The US/NATO “strategic objective” in supporting the 2014 coup was to turn Ukraine into a pawn in Washington’s long-standing objective of dismembering Russia. To this end, the Ukrainian military was reorganized in accordance with NATO standards and operational doctrines. In a 2017 article on the NATO-initiated “Center for Doctrines and Tactics” in Ukraine a Russian think tank noted:
“the fact that Ukraine is already becoming an integral part of the Western deterrence model is evidenced by the virtually constant presence of military personnel of the alliance member countries at the training grounds of Ukraine. This permanent presence is covered by rotation, bilateral joint exercises, or exercises within NATO, or the need for the presence of observers from the alliance.”
The authors observed that:
“As a result [of education in NATO doctrines, organizational structures and tactics], even if Ukraine does not formally become a member of NATO, the country will be drawn into the plans of an anti-Russian alliance. In particular, various bilateral agreements legalize the deployment of troops and the creation of military bases on its territory.”
When hostilities commenced on 24 February 2022, the Russian military made the US-constructed Naval Operations Center in Ochakov a top-priority target. Three days earlier Vladimir Putin had described it as designed to make “it possible to ensure the actions of NATO ships, including the use of high-precision weapons by them against the Russian Black Sea Fleet and our infrastructure along the entire Black Sea coast.”
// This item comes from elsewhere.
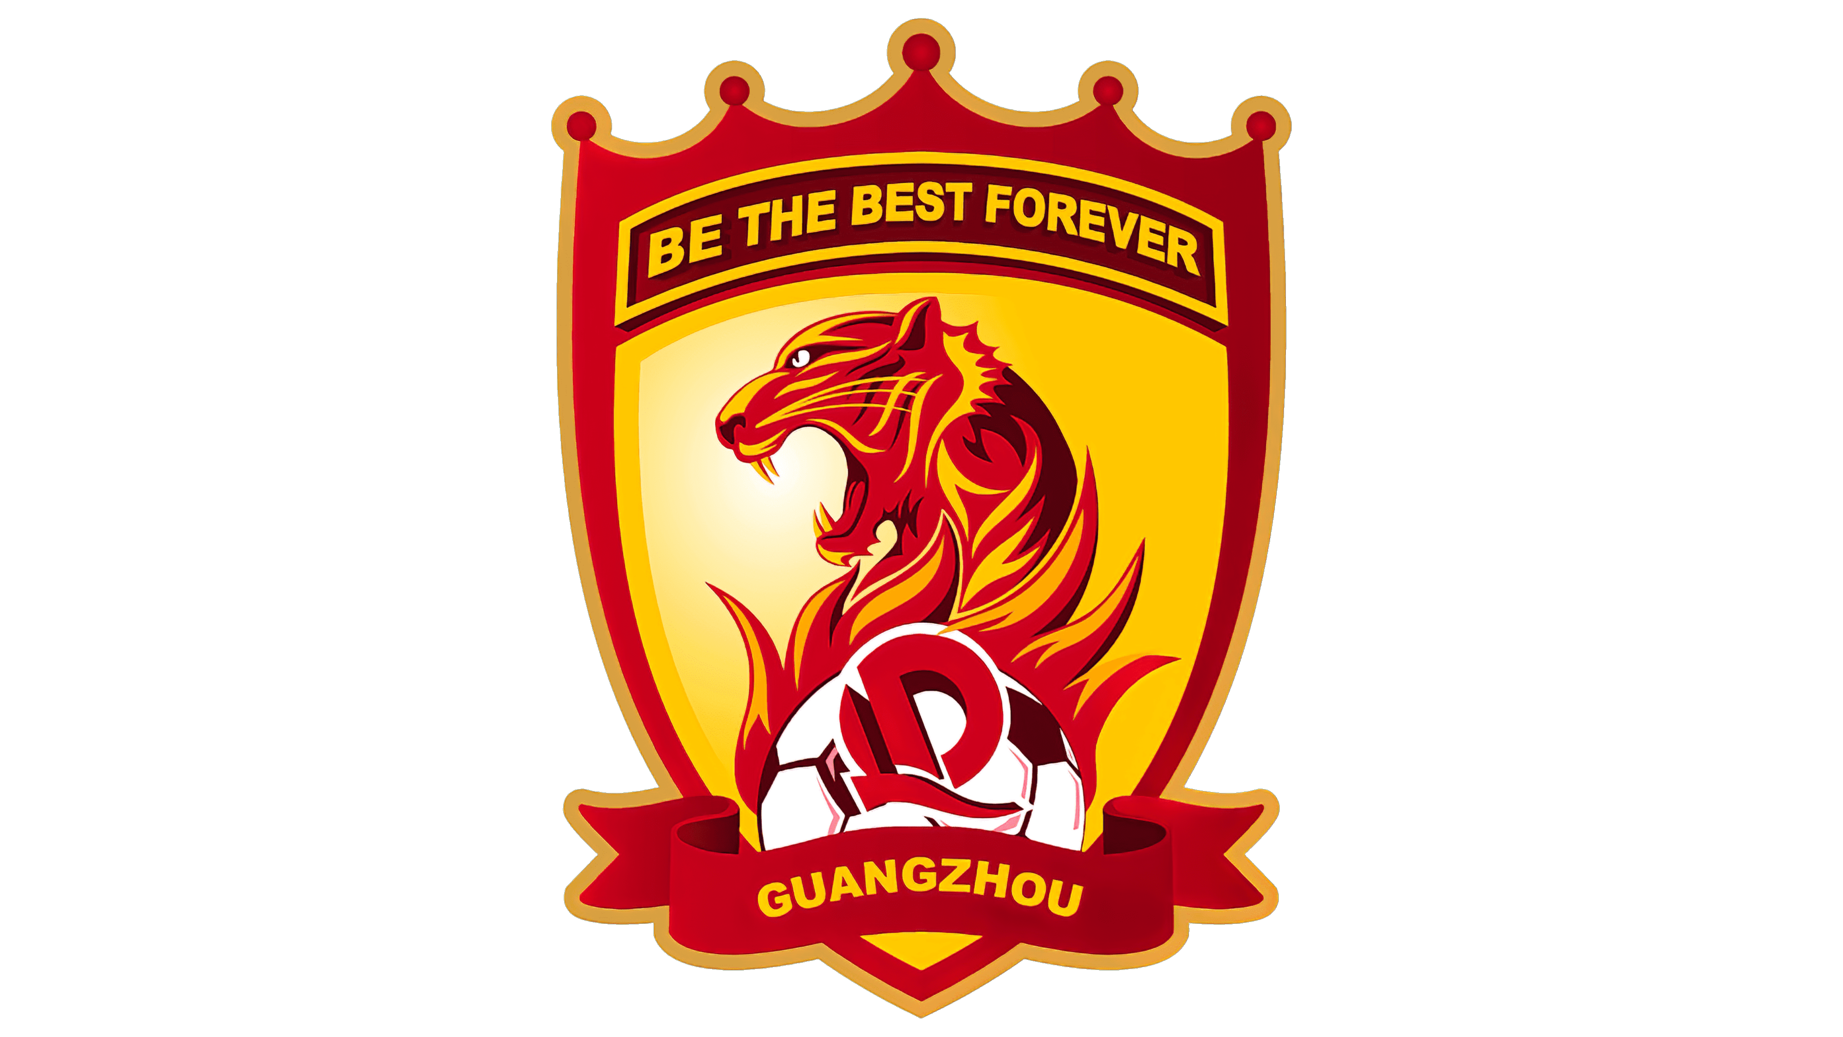 Guangzhou evergrande logo

The current military contest was triggered by NATO’s expansion to Russia’s borders—at issue is whether Ukraine has a “right” to join the anti-Russian imperialist military alliance. The “Special Military Operation” launched in February 2022 represented the escalation of a conflict that had begun eight years earlier, as Russian Foreign Minister Sergey Lavrov observed last April:
“In February 2014, the European Union helped broker a deal between the Ukrainian president [Viktor Yanukovych] and the opposition. The next morning, the signatories, namely the representatives of the EU (Poland, France and Germany), were ignored by the opposition, which carried out a coup d’état. They declared that they were creating a ‘government of victors’, they would cancel the special status of the Russian language, they threatened to expel ethnic Russians from Crimea, sent armed groups to storm the Supreme Council of Crimea. That is how the war started.”
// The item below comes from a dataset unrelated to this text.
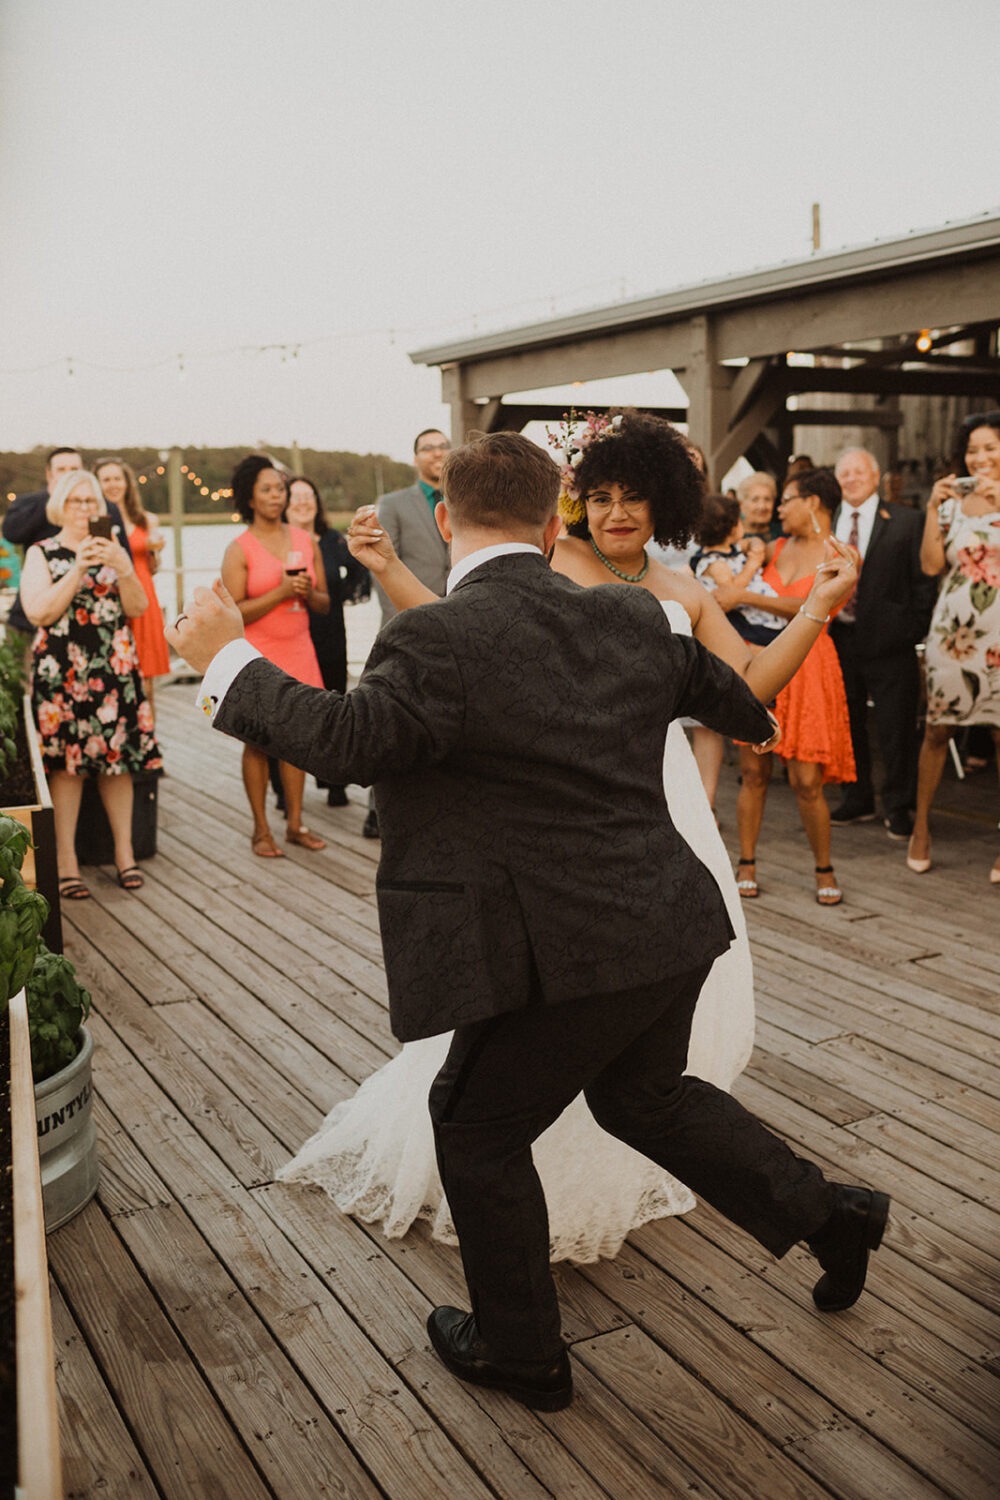 couple dances together at summer wedding reception

NATO was a party to the conflict in Eastern Ukraine from the beginning through its ongoing efforts to reorganize and modernize the weaponry and tactics of the Ukrainian army. This is what Adam Schiff, the Democratic Chairman of the House Intelligence Committee, meant when in January 2020 he told Congress: “The United States aids Ukraine and her people, so that we can fight Russia over there and we don’t have to fight Russia here.”
US/NATO policy in Ukraine has been animated by “fighting Russia” since the 2014 Maidan coup that deposed president Viktor Yanukovych who had unsuccessfully attempted to balance between the Kremlin and the EU/Washington axis. This objective was spelled out on 7 April 2022 when Canada’s deputy prime minister Chrystia Freeland (granddaughter of a prominent Ukrainian Nazi of World War II vintage) talked of “vanquishing” the Russian military during her speech tabling the government’s budget:
“Putin and his henchmen are war criminals. The world’s democracies—including our own—can be safe only once the Russian tyrant and his armies are entirely vanquished. And that is what we are counting on the brave people of Ukraine to do. Because they are fighting our fight—a fight for democracy—it is in our urgent national interest to ensure that they have the missiles and the money they need to win. And that is what this Budget helps to provide.”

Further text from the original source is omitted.